The post Safe Harbour era

By , 9 October 2015 at 14:04
The post Safe Harbour era
Initiatives

The post Safe Harbour era

By , 9 October 2015 at 14:04

This post was originally published in Telefónica’s Public Policy blog here 

By Cristina Vela

Less than two weeks after the Conclusions of the Advocate General of the European Court of Justice, the Court has ruled that the Safe Harbour framework for transferring personal data form the EU to the US is invalid.

The direct consequence of the Ruling is that the Irish Data Protection Authority will have now to examine if the complaint lodged by the Austrian student Max Schrems is well founded and to decide if the transfer of personal data to the US should be suspended on the grounds that country does not afford an adequate level of protection.

A much wider consequence however will be the profound implications of the Ruling for those organisations transferring personal data from the EU to the US, and for the transatlantic data flows in general and the strategic partnership between the EU and US.

The ECJ Ruling will force Commission and US Administration to take action. At a Press Conference held by VP Timmermans and Commissioner Jourova some hours after the publication of the Ruling, they stated Commission’s priorities after the Ruling. First and foremost, the protection of personal data transferred across the Atlantic. Secondly, the continuation of transatlantic data flows, backbone of our economy, with adequate safeguards and finally the uniform application of EU law in the Internal Market.

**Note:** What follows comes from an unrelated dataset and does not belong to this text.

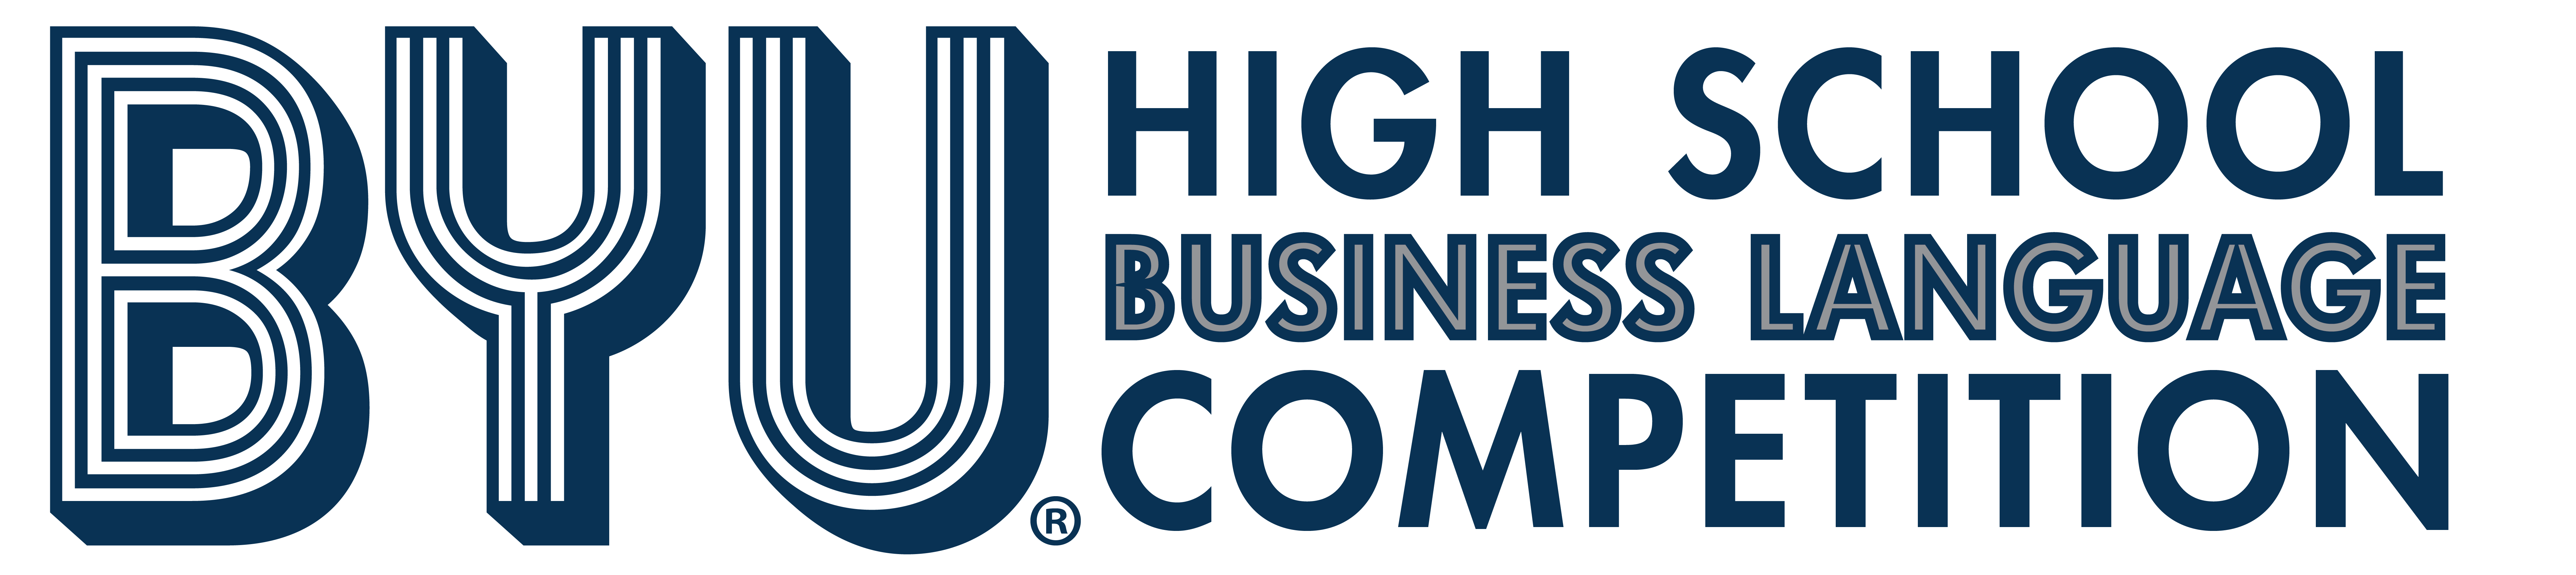 High school business programs

The same day, US Secretary of Commerce Penny Pritzker made a statement expressing her deep disappointment in ECJ decision which creates uncertainty for both US and EU companies and consumers and puts at risk the thriving transatlantic digital economy.

The past two days have been a bit hectic. In fact, all stakeholders are trying to understand the implications of the Ruling and taking stock of the alternative data transfer solutions available.

Companies need to do a comprehensive assessment for their different business units in the EU and outside the EU.

In principle, with the ECJ Ruling any transfer of data based on Safe Harbour should stop immediately. Thus, companies should find other legal basis for continuing those transfers such as BCRs, Standard Contractual Clauses. Indeed, other possibilities, mentioned by Commissioner Jourova, such as consent of the data subject or case by case authorization by the DPA, are not real alternatives for generalized transfers of data as companies do.

In the short term, the Commission and US Authorities are obliged to conclude negotiations on a new safer Safe Harbour as soon as possible, although Commissioner Jourova could not state a deadline for the negotiations. Both sides will try to convince everyone that the new scheme includes the additional safeguards required by the ECJ. However, there are certain aspects of the Ruling difficult to be incorporated in a newer Safe Harbour scheme.

Additionally the Commission has committed to issue guidance to National Data Protection Authorities to ensure a coordinated response on alternative ways to transfer data and to avoid fragmentation with a patchwork of contradicting decisions, thus providing predictability for citizens and businesses. Next week Commission will meet with Art. 29 WG gathering National Data Protection Authorities from all Member States and the Commission expects to come forward with this guidance quite quickly.

Having said that, in a certain way the whole system of international transfer of data from the EU to third countries is contested. The General Data Protection Regulation (GDPR), currently under discussion between European Parliament and Council, which basically maintains the current system with some improvements aiming at more simplification for organisations, could also be impacted and additional requirements be introduced in the light of the Ruling.

The wider issue of third countries (and more specifically US) adequacy will take time to resolve. But in the meantime, without waiting until the adoption of the Regulation, companies need to do a comprehensive assessment for their different business units in the EU and outside the EU.

Transferring personal data form the EU to the US is invalid.

Companies need to assess if implementing Company’s Binding Corporate Rules could be an option in order to facilitate intra-group transfers or if executing Standard Contractual Clauses with its sub-contractors could also streamline commercial transfers and, at the same time, guarantee an adequate level of protection.

The 6th October, while VP Timmermans and Commissioner Jourova were giving their press conference in Strassbourg stating the first reactions of the Commission on the Ruling, a new OECD publication on “Data-Driven Innovation: Big Data for Growth and Wellbeing” was being presented in Brussels.

Here, I would like to draw the attention to some of the main policy considerations of the study:

Firstly, encourage investments in data, data sharing and reuse, and reduce barriers to data flows that could disrupt the Global Value Chain.

Secondly, strike the right balance between the benefits of Openness and Closeness (legitimate concerns over Privacy and Intellectual Property Rights). Currently, there is confrontation between a trend towards Openness seen in data portability, open APIs, open standards, open data and a trend towards Closeness in user lock-in, IPRs, trade secrets, confidentiality, privacy and security.

Thirdly, put the debate at a higher level. Data as a society challenge requires a whole society approach, especially if data is the source of innovation as in the past was R&D.

Ensuring that transatlantic data flows can continue with the adequate safeguards versusreducing barriers to data flows… two contradictory views or the absolute need to bridge the gap?